# Shorten dropper post



## rossy (Mar 3, 2017)

Hey mates so the dropper post that came with my trance at extension is about 10mm too high from my ideal peddling hight, has anyone found a way to Shorten it? I've looked and only found the ghetto way of tying a piece of string to seat and frame. Bikes a small 2017 trance 2 with a 100mm dropper.


----------



## Steel Calf (Feb 5, 2010)

Problem:
100mm dropper post to long

Solution:
you need 75mm dropper, which is shorter


----------



## LarryFahn (Jul 19, 2005)

Unfortunately, that's about all that can be done. Ttyl, Fahn


----------



## LyNx (Oct 26, 2004)

Which dropper is it? I know my FallLine from 9point8 can easily have the travel shortened like how you used to do the air shaft on a fork with spacers if it was needed, and AFAIK the Easton/RF too, as well as I think another one, maybe two from other brands.
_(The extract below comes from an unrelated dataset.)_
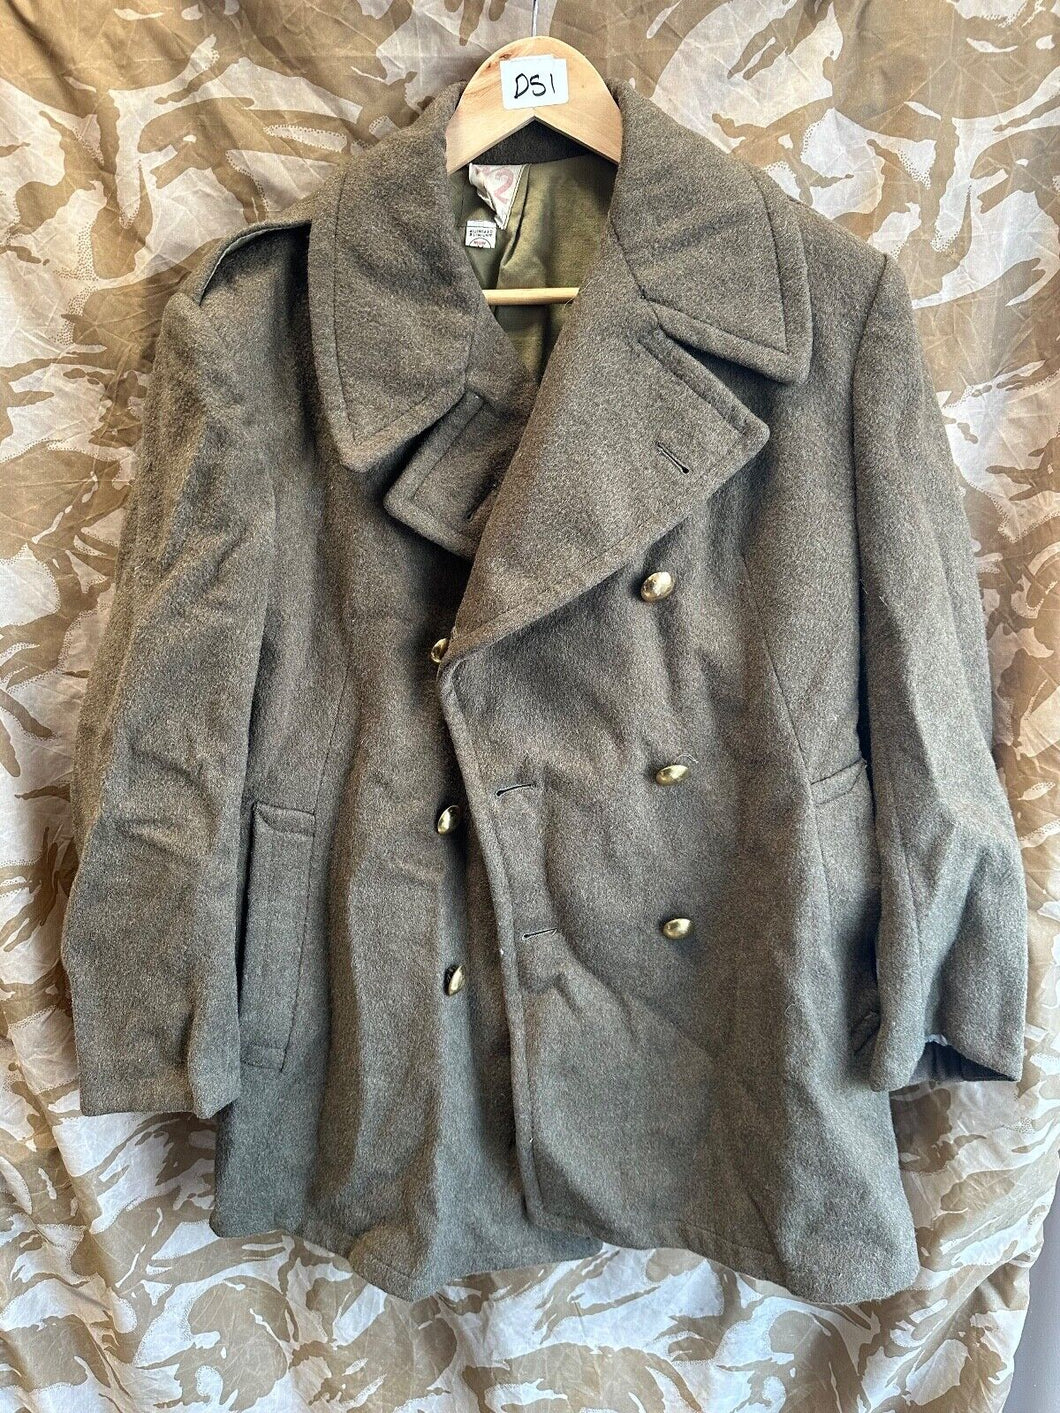 Genuine French Army Greatcoat - Ideal as WW2 US Army Jeep Coat - 38

Did you get the right size frame? Have to ask as if you cannot even run 5" of exposed seatpost on a modern frame, I've a feeling you're either on the wrong size or have some seriously, seriously short legs for your height. If it were me, I'd just not extend the post up all the way, easy, free solution :skep:



rossy said:


> Hey mates so the dropper post that came with my trance at extension is about 10mm too high from my ideal peddling hight, has anyone found a way to Shorten it? I've looked and only found the ghetto way of tying a piece of string to seat and frame. Bikes a small 2017 trance 2 with a 100mm dropper.


----------



## Steel Calf (Feb 5, 2010)

LyNx said:


> Which dropper is it? I know my FallLine from 9point8 can easily have the travel shortened like how you used to do the air shaft on a fork with spacers if it was needed, and AFAIK the Easton/RF too, as well as I think another one, maybe two from other brands.
> 
> Did you get the right size frame? Have to ask as if you cannot even run 5" of exposed seatpost on a modern frame, I've a feeling you're either on the wrong size or have some seriously, seriously short legs for your height. If it were me, I'd just not extend the post up all the way, easy, free solution :skep:


Dude she's already on a Giant Trance size S, you can't go smaller than that and the post is probably a Giant Contact SL dropper which comes stock on Giant bikes (what a coincidence)

Not extending the seatpost all the way is not a viable solution. I'd recommend her getting the 75mm post.


----------



## LyNx (Oct 26, 2004)

Hum weird, the Giant site would tend to disagree with your statement, but hey what do I know, I'm just reading it directly off their page that they offer a XS 



Steel Calf said:


> Dude she's already on a Giant Trance size S, you can't go smaller than that and the post is probably a Giant Contact SL dropper which comes stock on Giant bikes (what a coincidence)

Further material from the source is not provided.